We have approx 25000 savings so have some deposit.

specialsubject Fri 07-Oct-16 12:41:09

it isn't really something for a quick post on MN, but some starters;

- how much is realistic rent for the property?
- how much would the mortgage payments be?
- then also deduct: tax (which will be on turnover, not profit...), insurances (buildings, contents, malicious damage, legals, rent guarantee, home emergency), maintenance, agents fees, fixes (needs to be immaculate at move in), recarpet every five years, repaint every three and so on.

think very hard if it is worth it, especially if you are higher rate tax payers.

EleanorRigby123 Fri 07-Oct-16 12:53:57

Buy to let as an investment is a complicated financial transaction not to be undertaken lightly.
We are accidental landlords while we work abroad and actually make very little on our rental once agents fees (16%) higher rate tax (40% +) insurance and maintenance are taken into account. Despite employing reputable agents , we also had a set of "professional dodgy tenants" who stopped paying and lived there rent free for seven months while we pursued them through the courts. This is surprisingly common.
If you have a lump sum to invest, I would put it into stocks and shares. Your return may be lower - depending on where you are planning to buy- but your stress level will be too.
We would sell up were it not for the fact that we will be returning to UK before the end of our careers. May be sooner rather than later given all the Brexit uncertainty.

Roystonv Fri 07-Oct-16 12:58:43

You would be an idiot if you did not do thorough research, sorry. Whilst mn's and letting agents etc can help you, you have to understand what you are doing and make informed decisions. Gosh I wish we could charge 16%, 10% in our area for full management!

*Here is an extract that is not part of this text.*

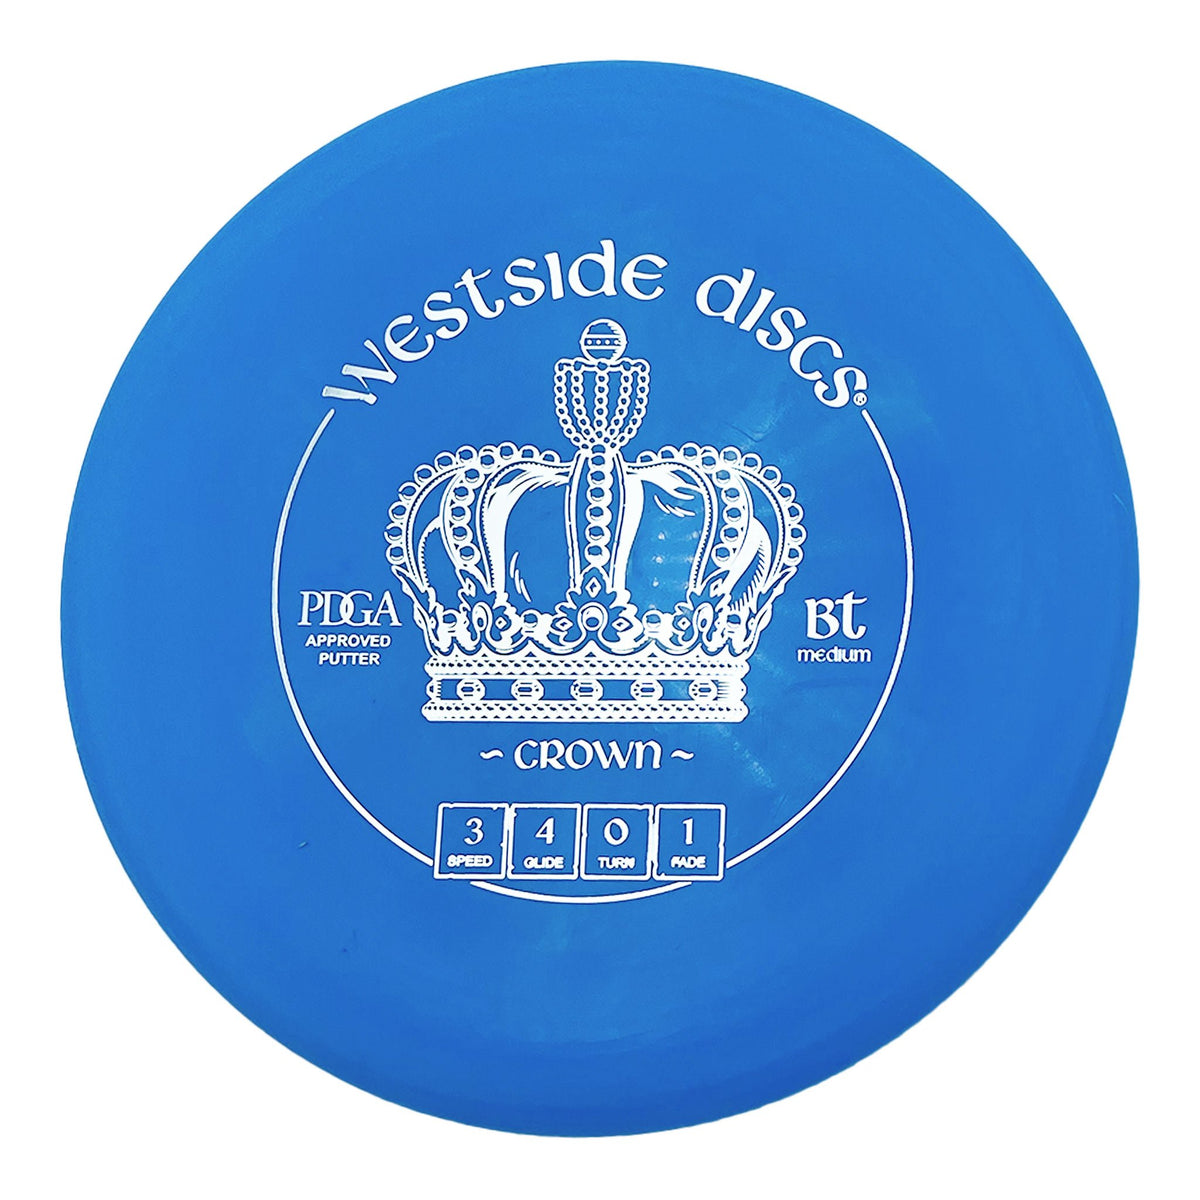 Westside Discs BT Medium Crown putter and approach - Blue

ThunderbirdsHaveMums Fri 07-Oct-16 16:20:34

I would first get educated. First stop I suggest you do an NLA course and make sure you are up to date around your legal responsibilities as a landlord. Then attend some networking events and join some landlord forums to get an idea of the challenges. Make sure you have enough finance to pay for things when they go wrong. Consider what strategy you want to go for. You may need to apply for licensing, which cost needs to be factored in.You'll need to see an accountant because the government has changed tax allowances and many current landlords will soon be in the position of having to pay for the properties they own rather than have them as their pension fund. I suggest you look 5 years ahead in your calculations around tax, and strength test the numbers against higher mortgage rates, don't rely on capital growth but on cashflow.

krisskross Thu 13-Oct-16 14:43:51

thanks everyone- sorry for my delayed response.

Lots for us to think of- i know i am being naive but some people seem to find it so easy!

specialsubject Thu 13-Oct-16 22:46:47

Guardian journos, mostly.

If all goes well and there is nothing wrong at the house, then not much to do. If house needs fixing, easy.

If something goes wrong with the tenant, you are in for a lot of financial pain. If you get anything wrong with your organisation, you can be stuck with a late payer for months or longer.

And if your tenant starts wrecking the place - there is nothing you can do for months while the legals crawl through.